Confusion matrix: It visualizes correct and incorrect predictions, aiding in identifying areas for improvement.

ROC curve: Shows the balance between true positive and false positive rates, useful for model comparison.

Precision and recall: These metrics assess prediction accuracy and completeness, often used together.

F1 score: A weighted average of precision and recall, particularly valuable for imbalanced classes.

Cross-validation: Evaluates model performance across different data subsets to prevent overfitting and ensure accuracy.

**What are the key factors that predict fraudulent customer?**


Multiple accounts: Customers with multiple accounts may engage in fraudulent activity.

High-value transactions: Large transactions may indicate fraudulent behavior.

Unusual spending patterns: Anomalies like purchases across multiple countries raise red flags.

Stolen credit cards: Use of stolen cards is a common indicator of fraud.

Proxy server usage: Customers masking their IP address via proxy servers may be fraudulent.

Fake contact information: Providing false contact details suggests potential fraud.

Previous fraud history: Customers with prior fraudulent activity are likely to repeat it.


**Do these factors make sense? If yes, How? If not, How not?**

These factors make sense because they are all related to the risk of fraud. For example, high transaction amounts are risky because they are more likely to be fraudulent. Unusual spending patterns are risky because they indicate that the customer may not be who they say they are. New customers are risky because they have not yet established a history with the company. Shipping addresses that are different from billing addresses are risky because they can be used to hide the customer's identity.

**What kind of prevention should be adopted while company update its infrastructure?**


Data Encryption: Ensure that sensitive data is encrypted both in transit and at rest to protect it from unauthorized access.

Access Control: Implement robust access control mechanisms, such as multi-factor authentication and role-based access control, to restrict access to authorized personnel only.

Educate employees: The company should educate its employees about the risks of infrastructure updates and how to protect themselves. This will help to prevent employees from falling victim to phishing attacks or other social engineering scams.

Monitor the infrastructure closely: After the update is complete, the company should monitor the infrastructure closely for any signs of problems. This will help to identify and resolve any issues quickly.

**Assuming these actions have been implemented, how would you determine if they work?**

Monitor key performance indicators (KPIs): Companies should monitor KPIs such as uptime, availability, and response time. If these KPIs remain stable or improve after the update, it is a good indication that the prevention measures have been effective.

Get feedback from employees: Companies should get feedback from employees about their experience with the updated infrastructure.
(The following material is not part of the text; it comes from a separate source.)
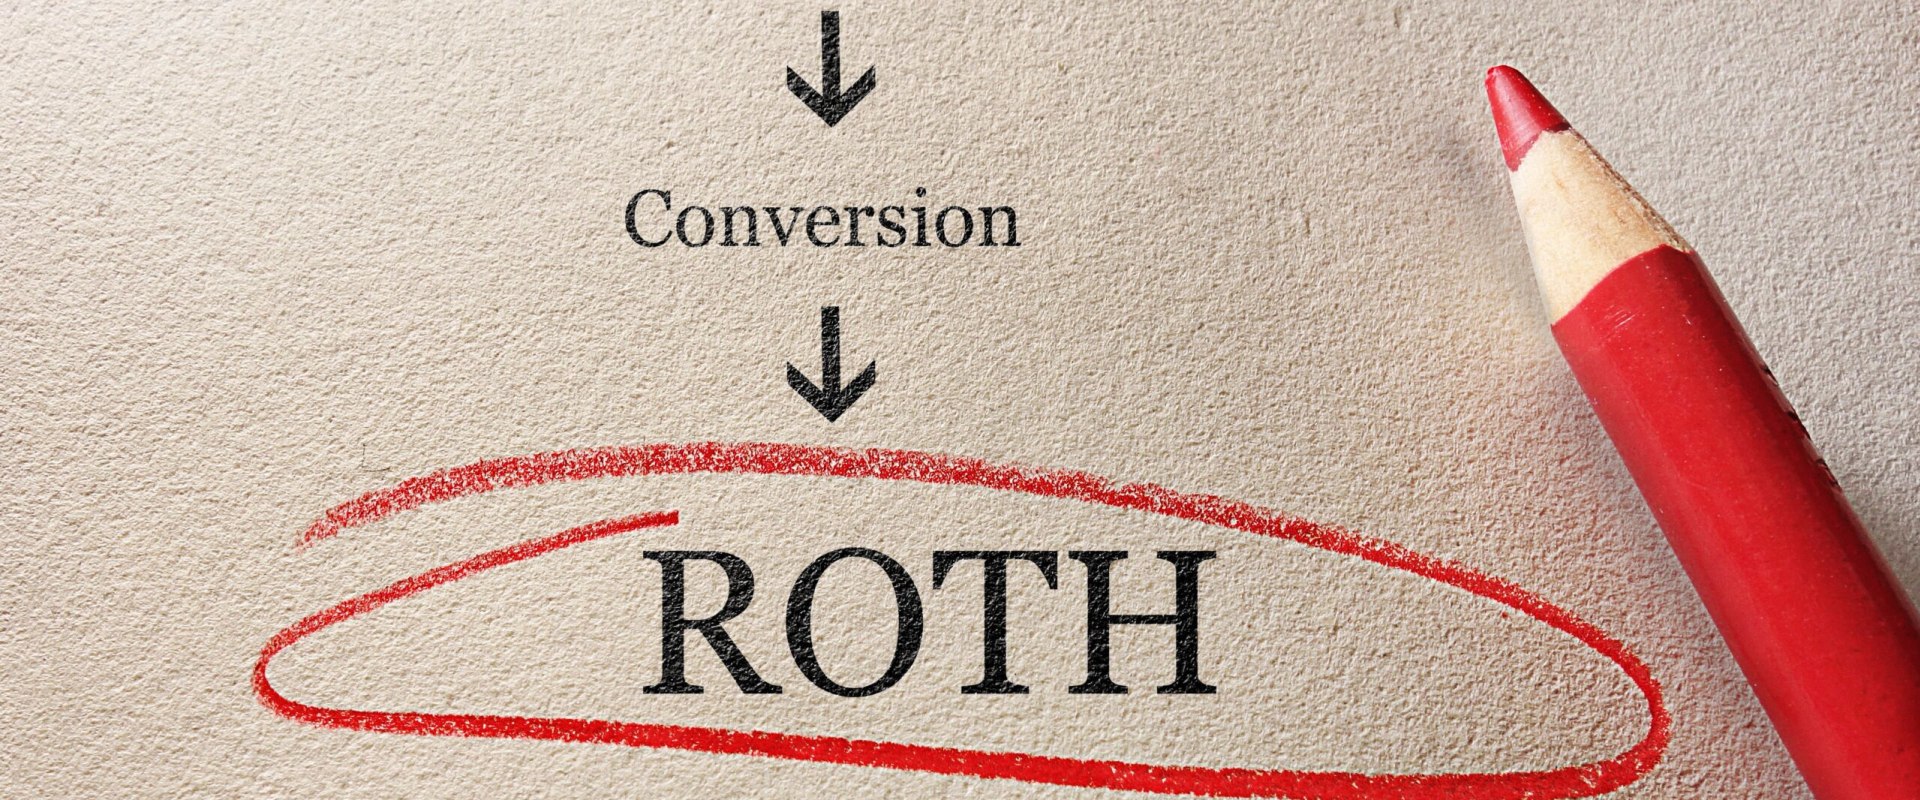 Converting an IRA to a Roth IRA: A Strategic Financial Move
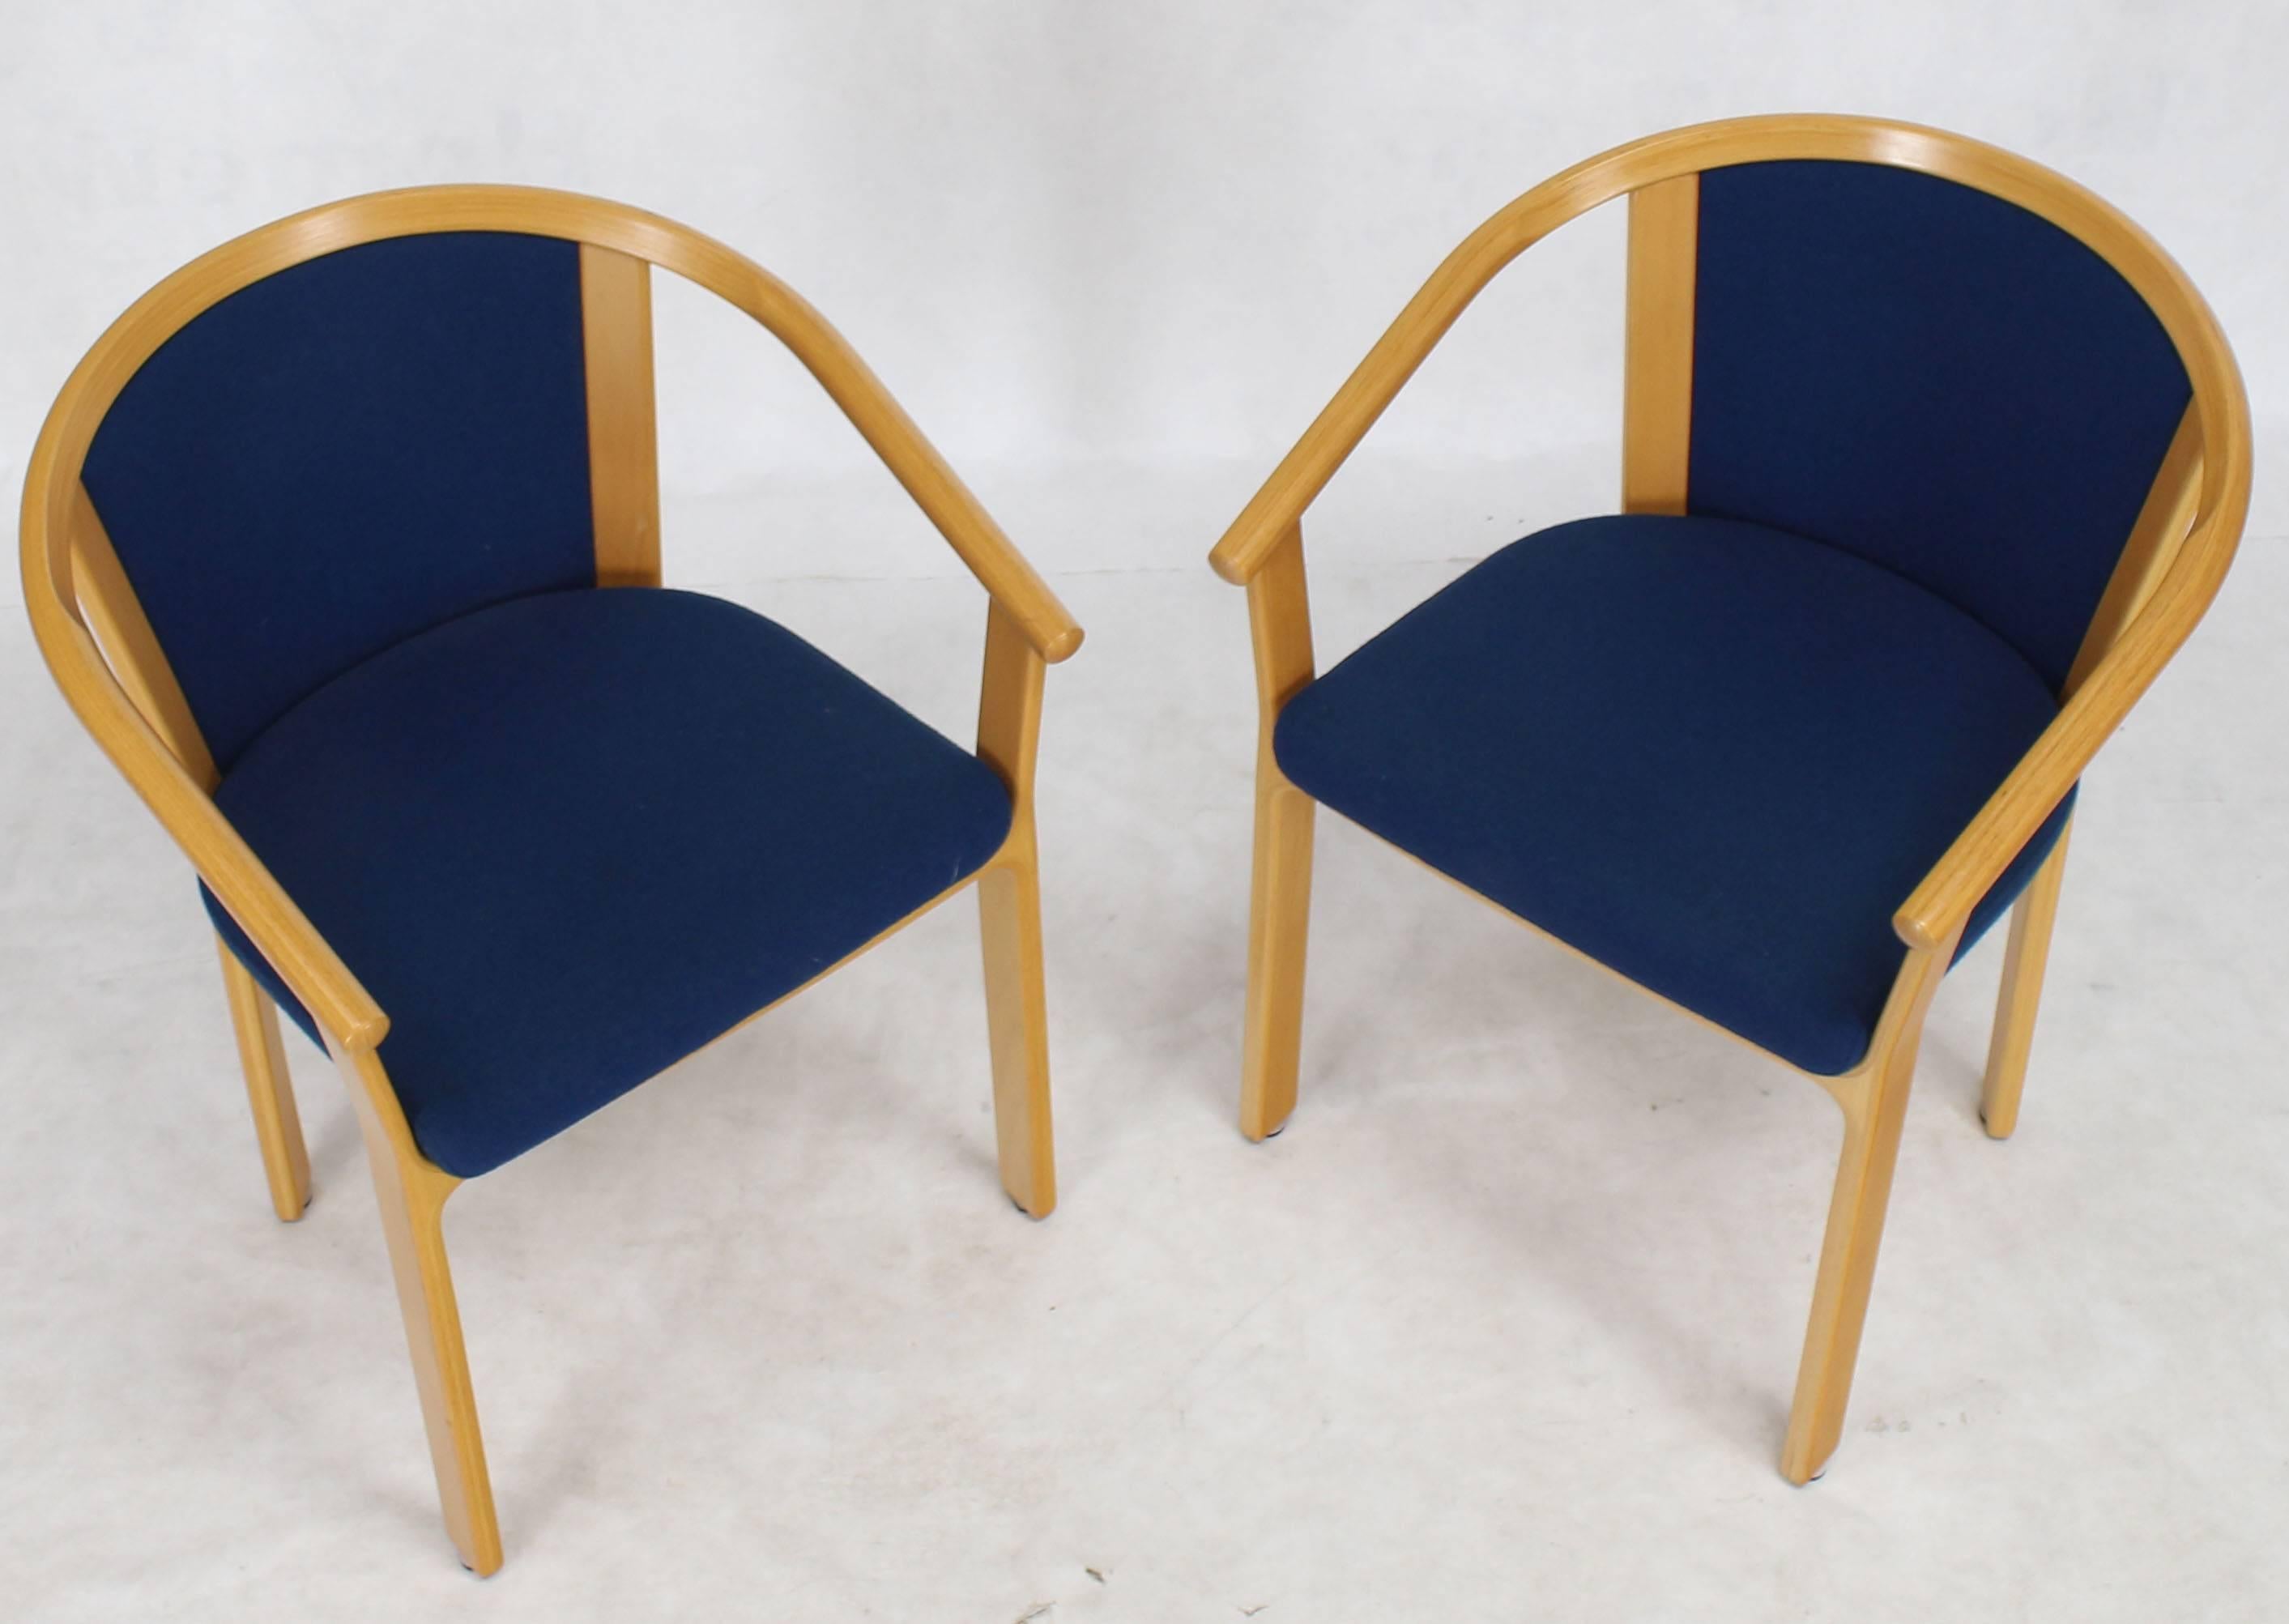 Pair of Danish Modern Barrel Back Chairs In Excellent Condition For Sale In Rockaway, NJ

If employees report that they are experiencing fewer problems or security incidents, it is a good indication that the prevention measures have been effective.

Once relevant data is collected, organizations can analyze it using statistical techniques such as trend analysis, correlation analysis, and comparative analysis to identify patterns, trends, and statistically significant changes.

Based on data analysis and user feedback, organizations can make necessary adjustments to improve the effectiveness of implemented actions. This may involve updating security policies and procedures, enhancing security controls, or providing additional training and awareness programs.